Earlier this evening I was talking with someone about the decisions people make as they become old. We noted the significantly different decisions which have been made by two elderly women we know. The first has refused to make any adaptations that would broadcast her enroaching frialty, saying they would make her feel old. The second does not hesitate to accept the limitations her age is forcing upon her, while keeping up with the things she can do.

The result, ironically, is that the first one is more limited than the second (relative to their different ages and medical conditions). By bowing before the inevitable but sticking to what is unaffected by age, the second seems better positioned both to accept the support she openly acknowledges she needs, and to enjoy the strengths she still has.

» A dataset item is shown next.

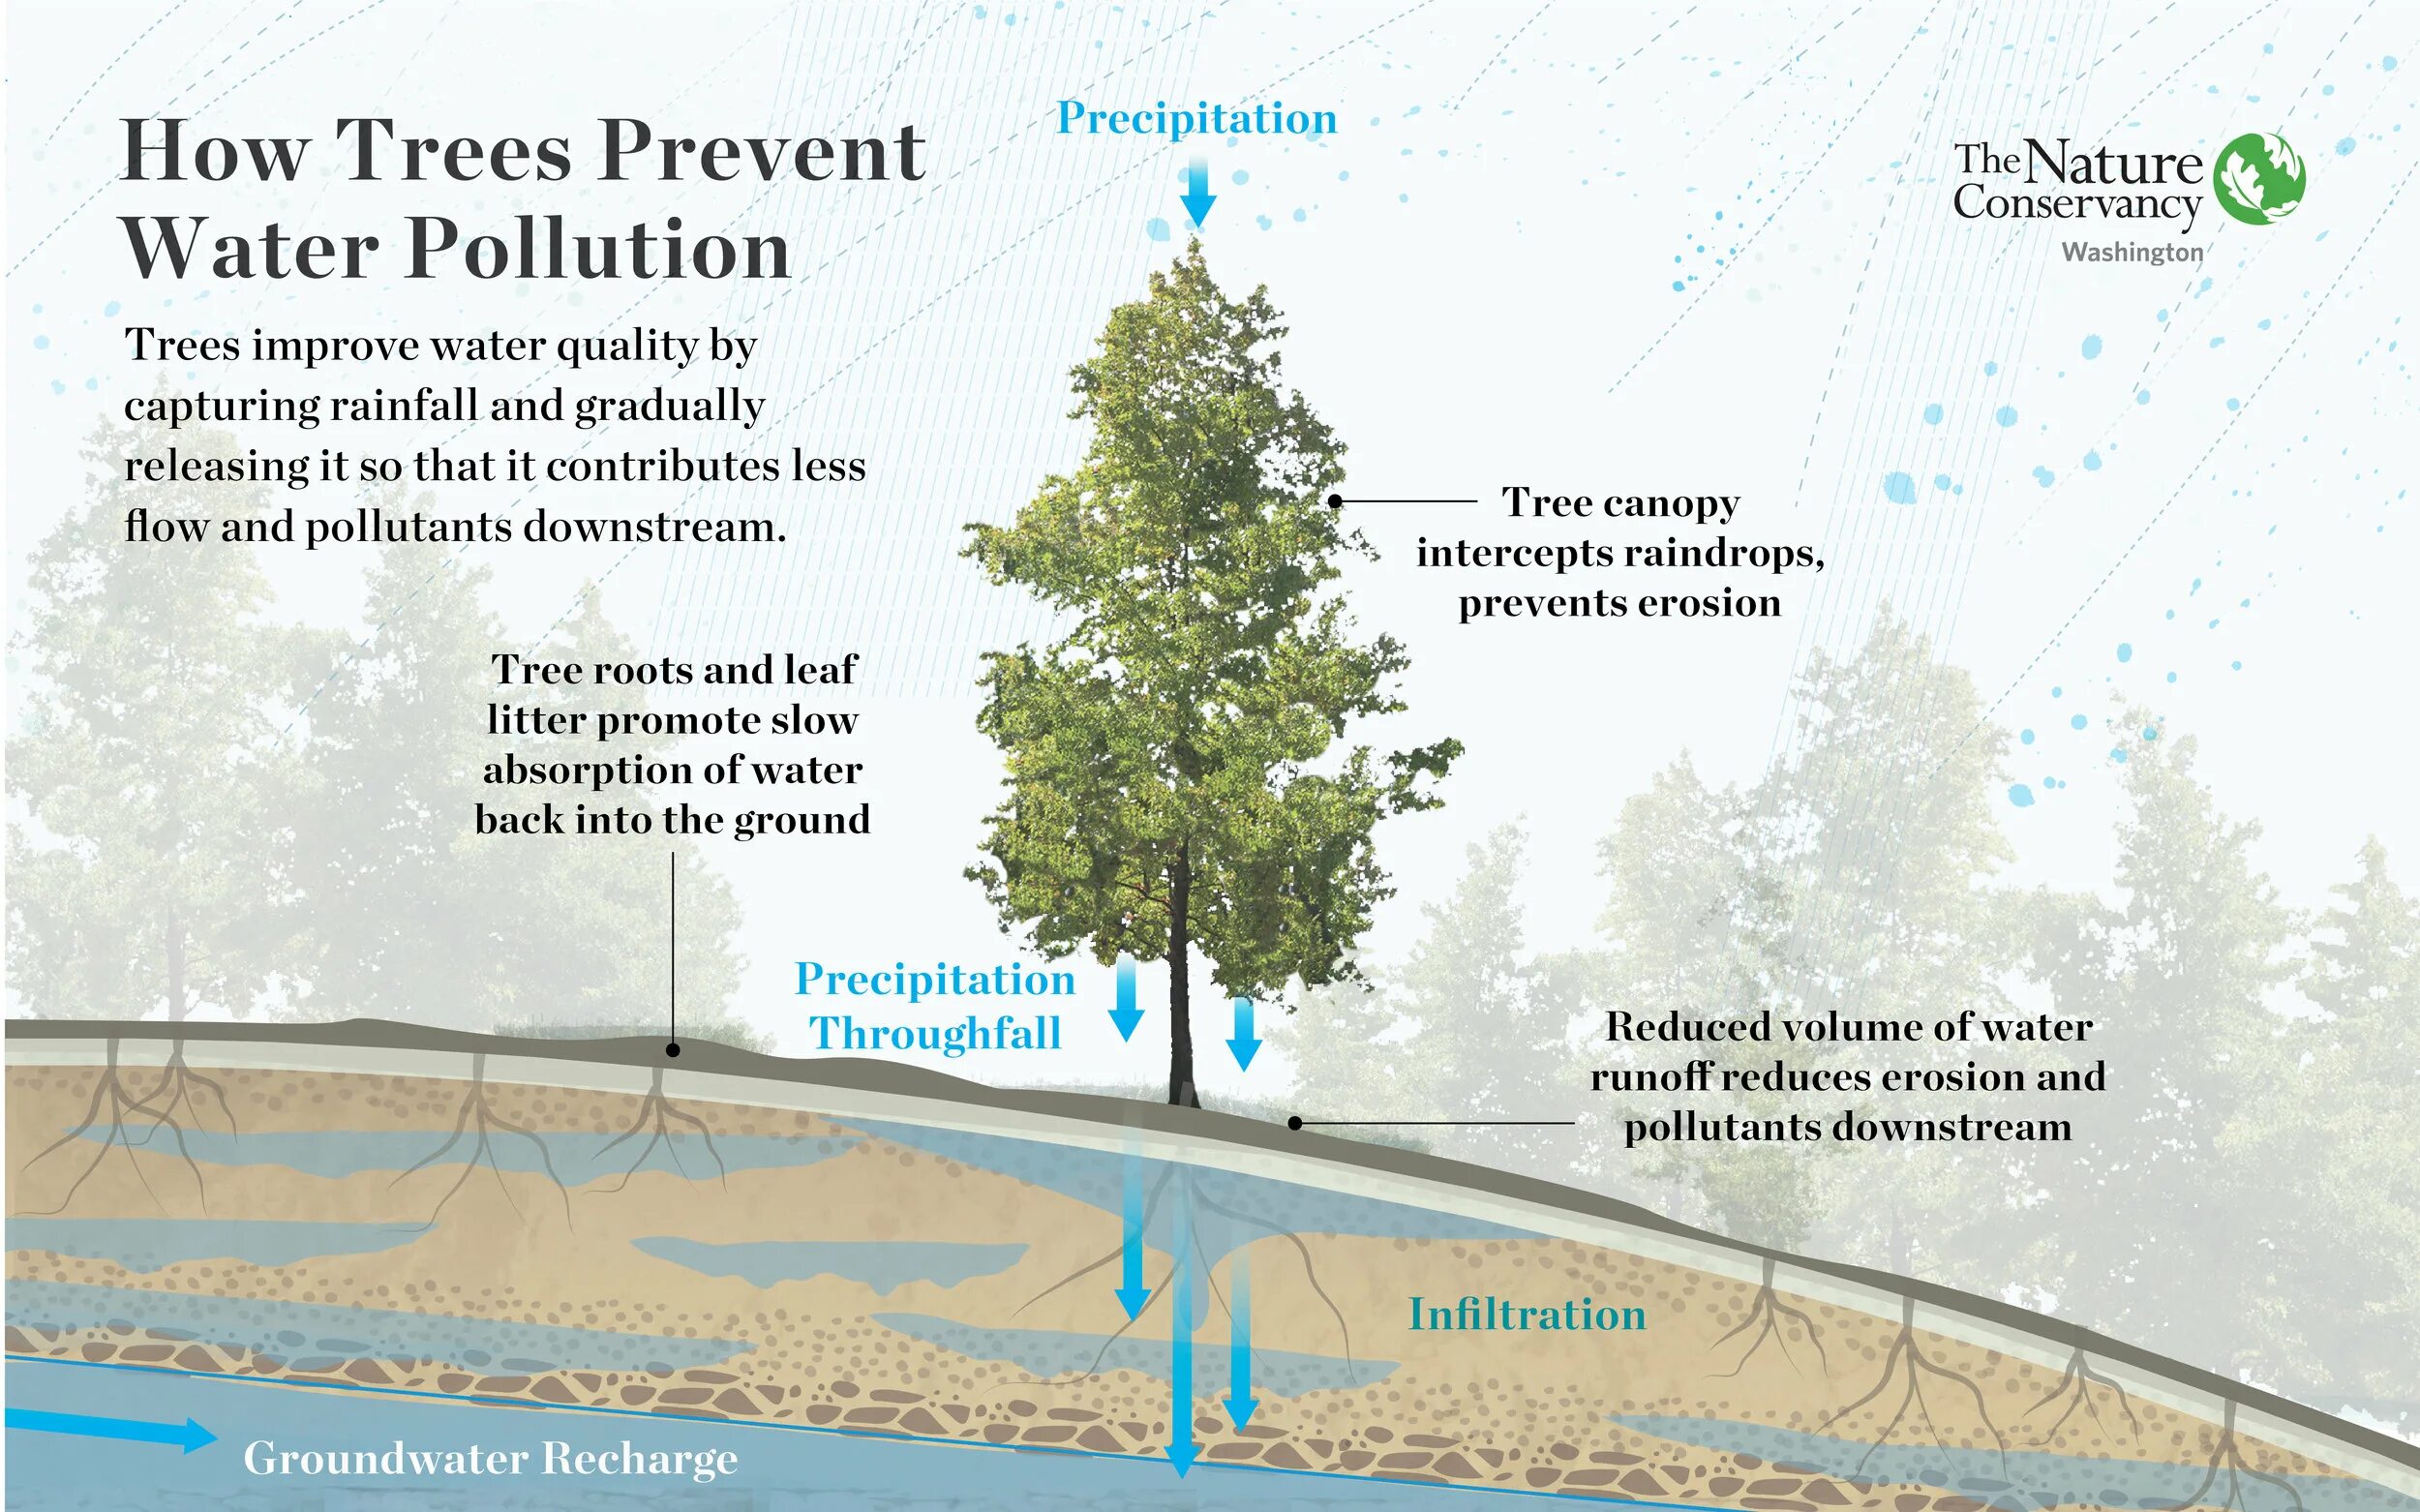 Fill in avalanche tornado pollution endangered. How to prevent Water pollution. Water pollution solutions. Prevent Water pollution. Water pollution Prevention.

Update: I made an editorial change or two in this post on June 20th. Will the post still remain identified as a June 19th post?

2nd Update: Guess so, huh?

Real content - 1

This afternoon I was visited by two Palestinain gentlemen, one about 60, with his younger brother who is in his 50s. I need a spot of construction done, and they came to check the matter and suggest how they would go about it. We discussed things for bit, and then I said that I couldn't give them a final response before talking with my wife, who makes such decisions in our family. They both grinned, and told me that in their families it was also so.

Human nature, it seems, can be more of a constant than we sometimes think, in this case crossing the lines of the world's most stubborn conflict. What you learn from that, however, depends upon how you understand the world. Some people would take this vigniette as proof that the conflict is stupid, and if only we would realize the extent of our commonalities we would be able to stop fighting. Others would note that conficts can be very real and serious, becasue while in some things we may all be similar, the conflicts are about the things where we aren't.